Write the full listing out again, word for word, but omit the pictures.
─── Supplied data ───
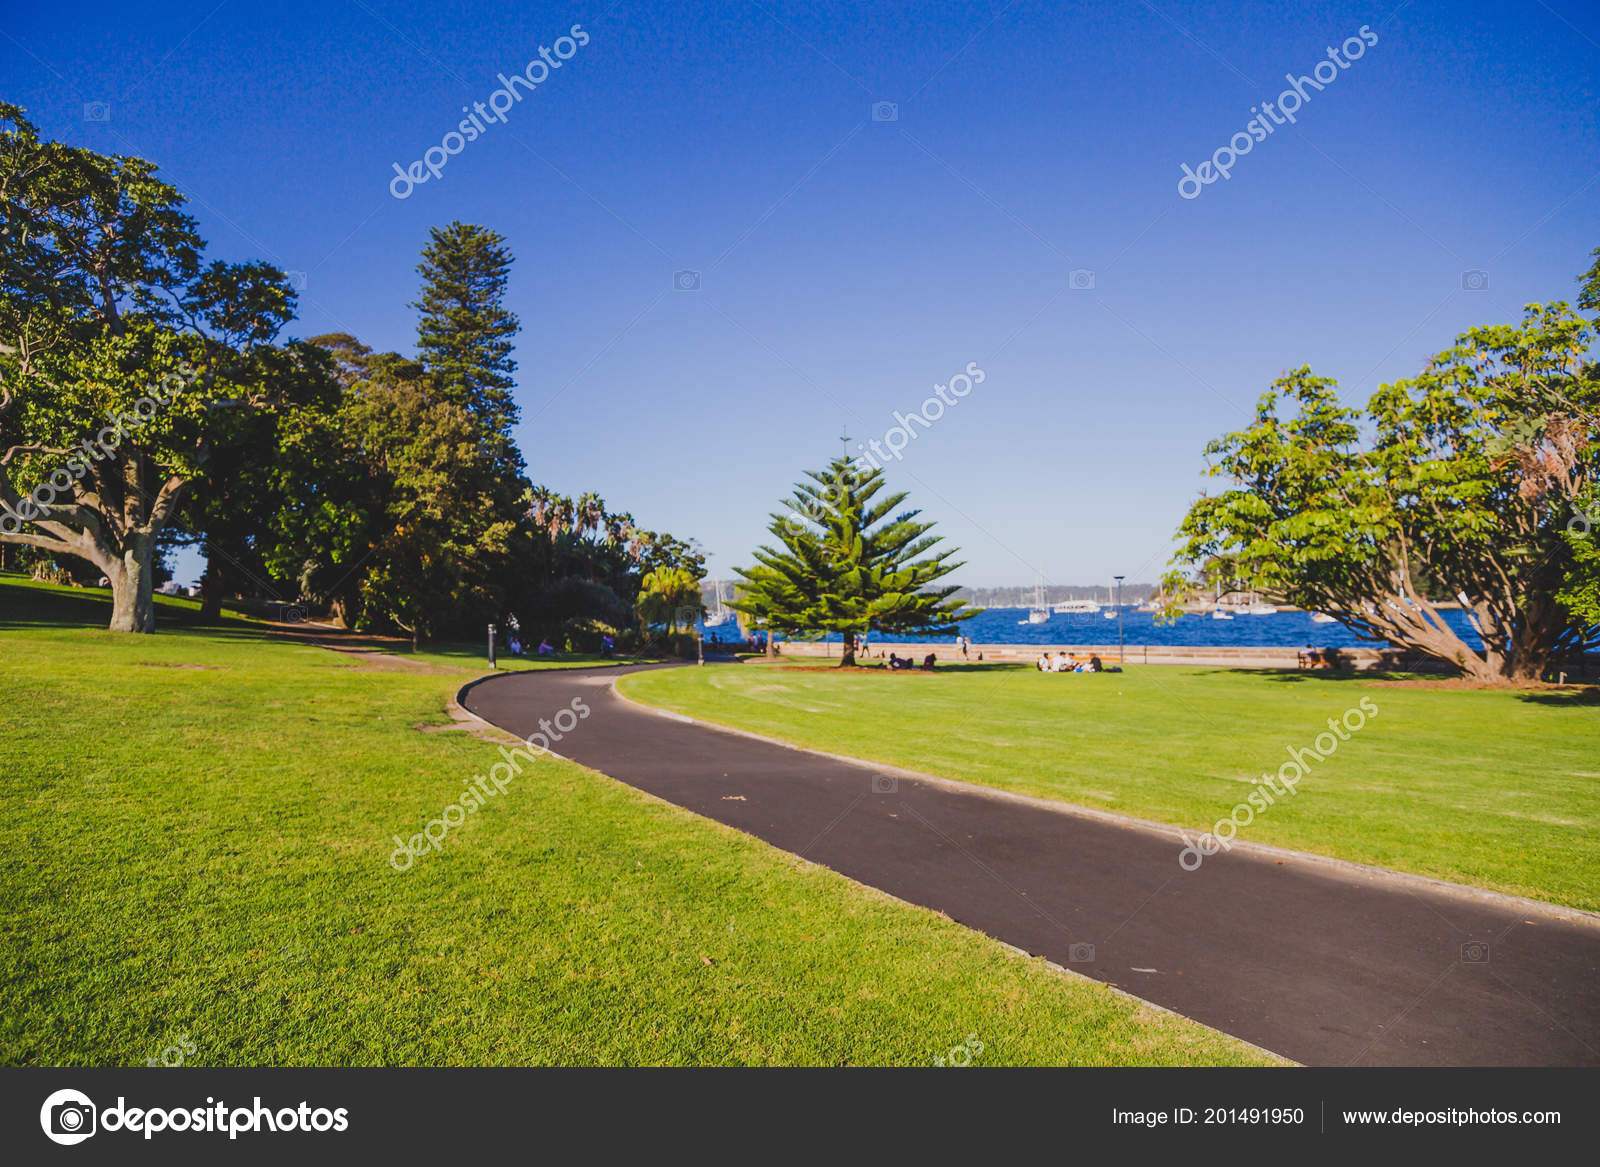 Sydney Australia December 30Th 2014 Detail Royal Botanic
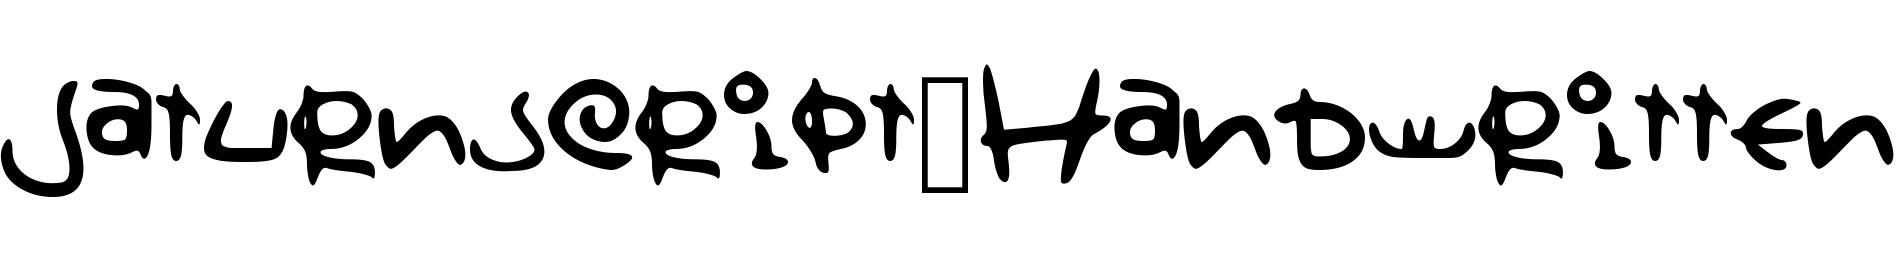 Saturnscript_Handwritten
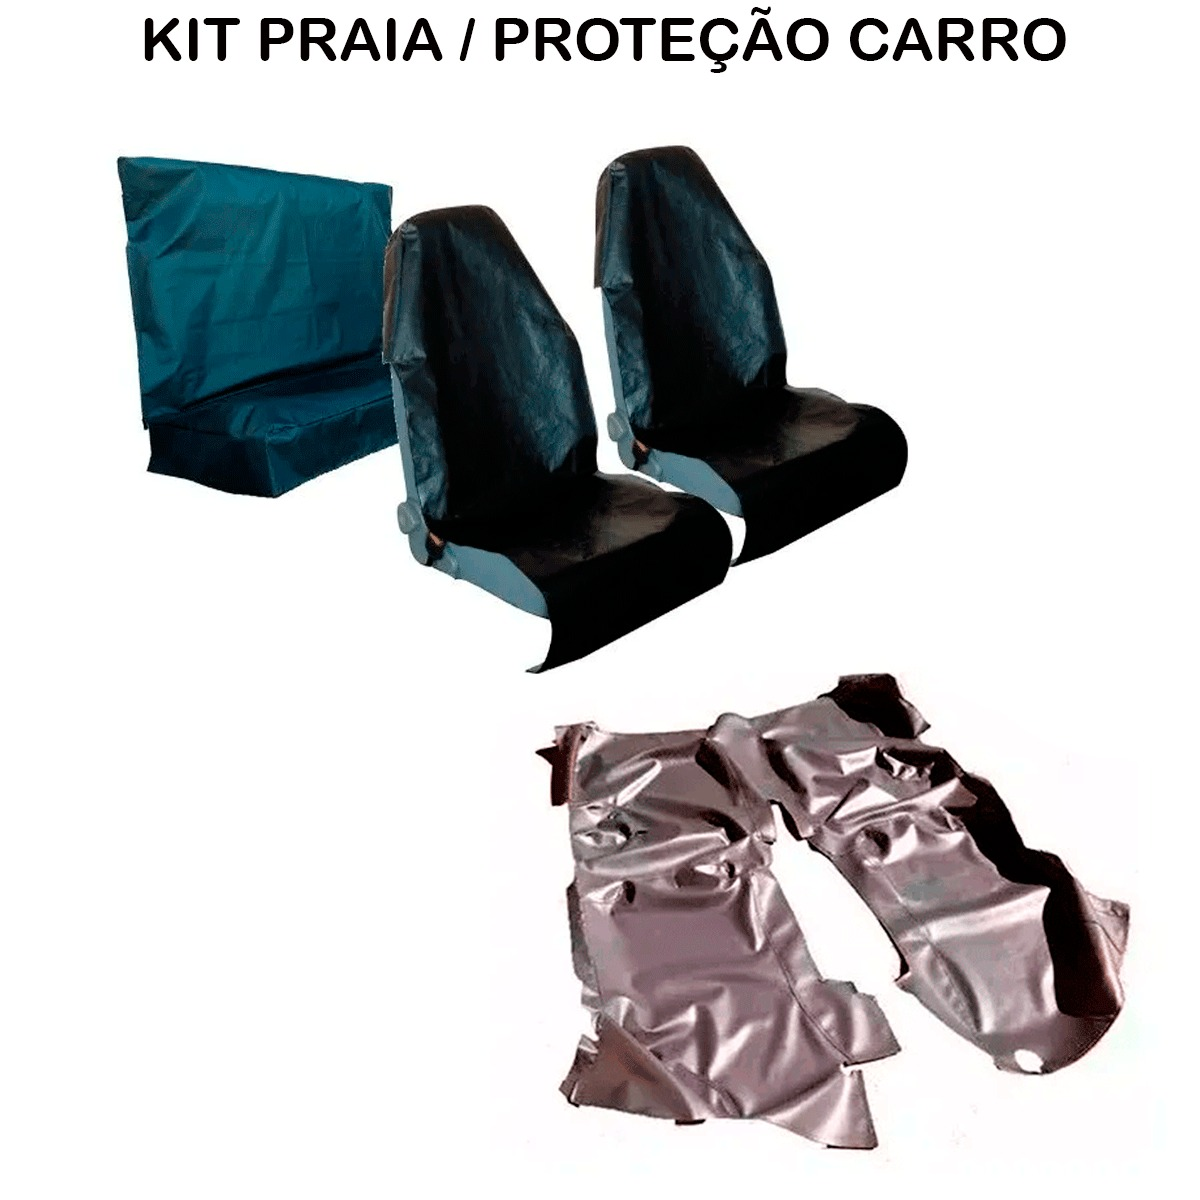 Tapete Em Vinil Fiat Cronos + Capa Banco Protecao Banco Areia Suor Academia
───
Task result:
 Sydney Australia December 30Th 2014 Detail Royal Botanic
 Saturnscript_Handwritten
 Tapete Em Vinil Fiat Cronos + Capa Banco Protecao Banco Areia Suor Academia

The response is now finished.